Regulatory conditions across the region are mixed. India imposes a 30 percent tax on crypto gains and a 1 percent tax deducted at source on trades, which limits on-chain derivatives activity even where demand exists. Africa presents a contrasting picture: South Africa has established a regulatory framework for crypto assets, and major financial institutions including Standard Bank and Absa Group have engaged in DeFi partnerships, representing a meaningful institutional tailwind for on-chain product adoption.
A few figures provide necessary balance for the broader picture. DEEP, DeepBook's native token, currently trades at approximately $0.03, down roughly 91 percent from its January 2025 all-time high of $0.3457.

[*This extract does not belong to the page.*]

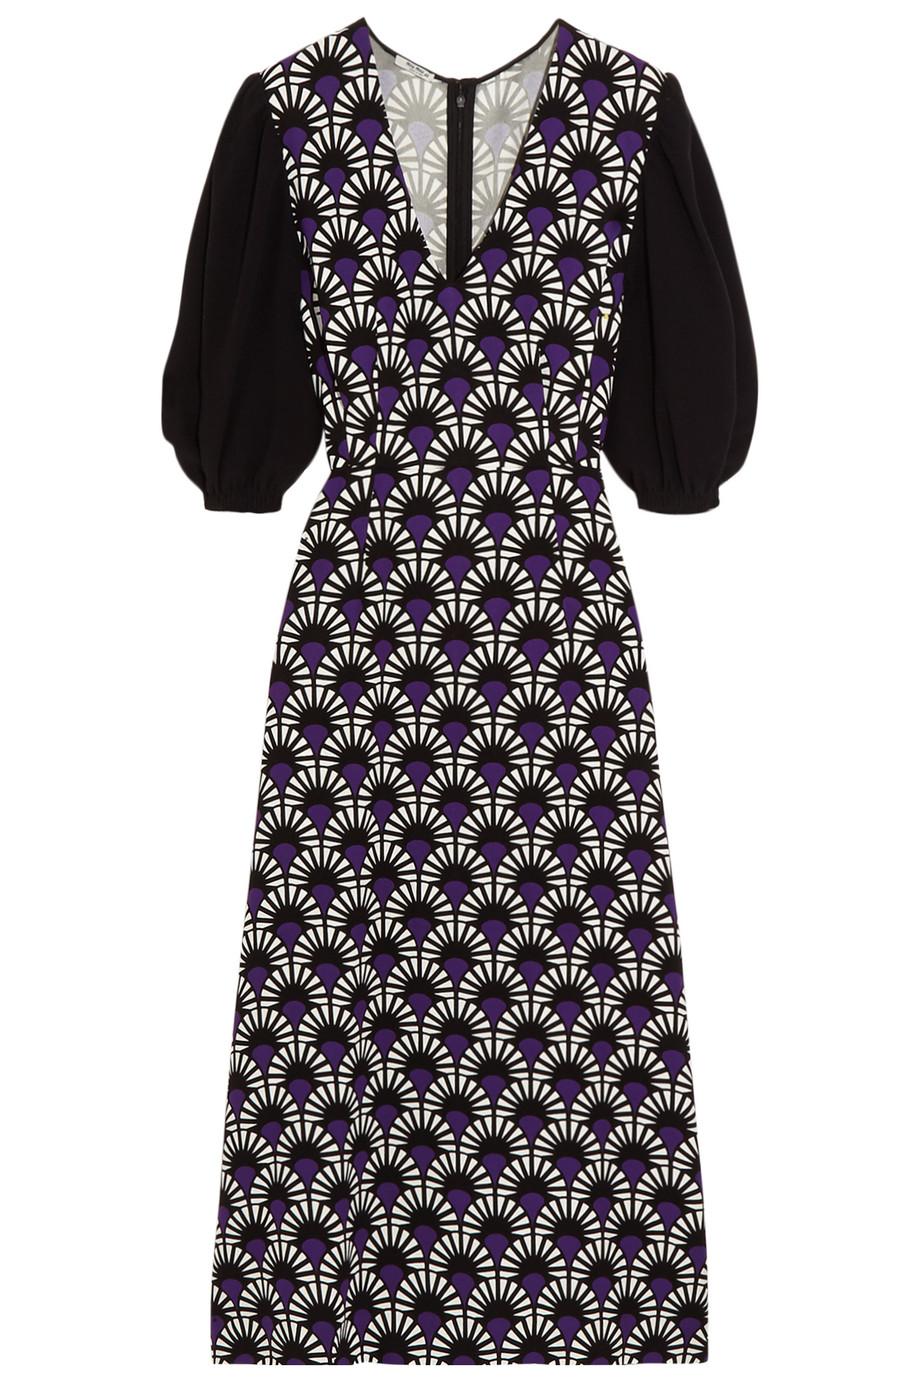 Miu Miu Printed Crepe Midi Dress, Purple, Women's - Printed, Size: 36

Market cap sits around $75 million against a fully diluted valuation of approximately $300 million.
DEEP listed on Coinbase in February 2026, and Grayscale launched the Grayscale DeepBook Trust in August 2025 when the token traded around $0.17, providing institutional validation of the infrastructure thesis even as price performance has disappointed.
Sui's own TVL peaked near $2.1 billion in late 2025 and has since pulled back to roughly $600 million, tracking the broader market slowdown.
The Sui Foundation's options composability argument is a roadmap pitch, not an announcement of a live product. The post, authored by Paulina Corral, is a promotional piece making the case for a direction rather than describing something already built.
Whether developers build options protocols on DeepBook in sufficient numbers to move the $100 million TVL figure will be the actual test of the thesis. The infrastructure exists. The demand, at least in adjacent markets, also exists. The translation between the two is what the next twelve months will determine.